We own a 1991 Elddis Autoquest 320. We need to do some restoration works as we have found some leaks that have led to extensive rot of the internal framing at roof level. I have found two pinhole leaks on the nearside rear and clearly there have been leaks around both of the rear roof lights. The more I dig the more I find. However looking at UKCampsites I see I'm not alone, and that there is an "I Fixed it club", which without doubt after my discoveries saved the old beast from going off to join the choir invisible.

My problem isn't so much the leaks, as I have the book "Build your own Motorcaravan", and all the fixed it clubs archives of advice, and I'd like to think I'm competent with glue, hammers and ordering tea. No: the problem I have is that our motor home is road side. I am looking for a barn or some such unit, but worst ways I'm going to have to work in the street. And here in lies the question I need answering. If I remove all the internal upper storage cupboards, bathroom and wardrobe floor to ceiling dividers/partitions am I going to compromise rigidity to the point that the unit could collapse in either high wind or as a result of a bus regularly whizzing past it and shaking it about?

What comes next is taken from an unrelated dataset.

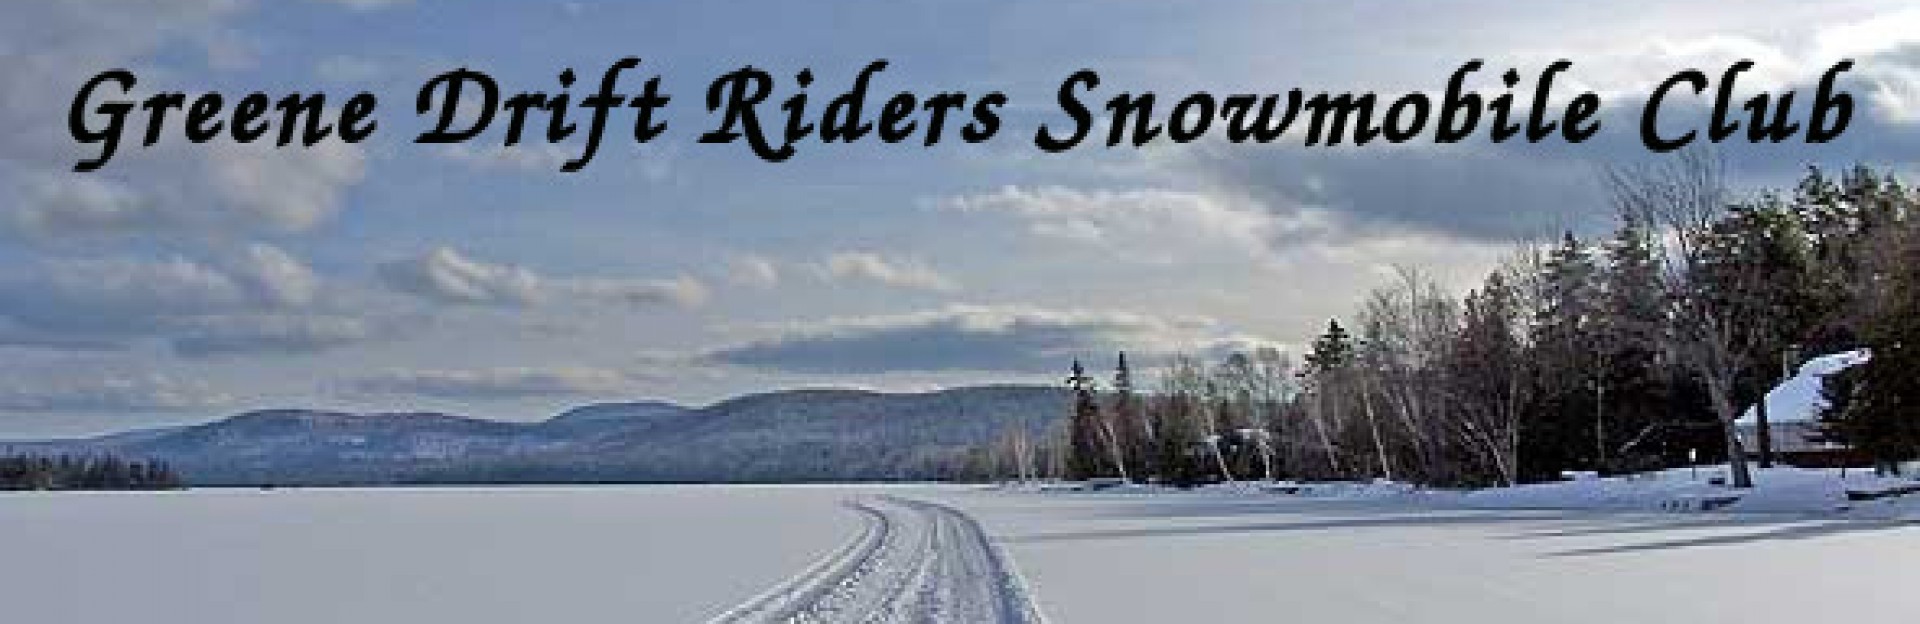 Greene Drift Riders Snowmobile Club

The unit is a rear kitchen and bathroom model. So far I have only removed the old oven, fridge and entire shower room fittings (which I was going to do anyway). Now having stripped out some more of the damp insulation and wall board on the ceiling I have found that both of the inner timbers that run inside the insulation; one assumes previously bonded to the skin, are in actual fact no more than powdery black wet stuff. I suspect that the rot in these timbers runs a good way along the on both sides. If I continue to remove the rear wardrobe, LPG, internal cupboard, and upper storage cupboards, will all the stiffness of the shell be removed? There are obviously cross spanning timbers that are also rotten enough to warrant a rip and replace, and one which appears to have a damp induced dry rot.

http://www.elddis.co.uk/motorhomes/1005/autoquest_130.html

The attached link shows the modern equivalent of our floor exactly. And from the virtual tour you can see the positions of the wardrobe, shower room and opposite the LPG/Microwave tower.

I did ask Elddis if they had original framing drawings and they were unequivocally unhelpful.

If anyone does have a set of the original frame drawings it would be appreciated (BIG ask I know). Despite its age and issues we would like to get it back to mint inside, with a modern revamp and re-trim, and some minor modifications to the high level cupboard layout, as we would like to go travelling for up to a year, starting next year.

Clearly we are not looking for a concours restoration, we want modern user friendly inside for two and to use the additional space we intend to claw back for additional storage (beeding and clothes mostly). We intend popping up to Magnums showroom with a shopping list, however before we do, we would like to know what to put on that shopping list. So any help with the technical question regarding road side working would be useful, and any help with the internal fit shopping list would be likewise very useful.


----------



## Molenoux (Aug 26, 2010)

Hi ShineAndFinch,

Quite an interesting job you have there!

I am unable to offer you much technical advice. However, from what I know about Elddis, you should perhaps ask them if their construction technique of their motor caravans has radically altered from that used in 2005.

They now construct vans by fixing front, side and roof panels first, then finishing fixing interior fittings by entry at the rear.

If in 2005, they fitted the roof last then this would indicate a much different order of fitting, which in turn could affect how you should tackle your refit.

Doing what you describe on the street, so to speak, is a very brave thing to do. It will probably take you much longer to do than estimated, and it will need very careful planning.

But I applaud you for asking the questions that you have.

Cheers

Molenoux


----------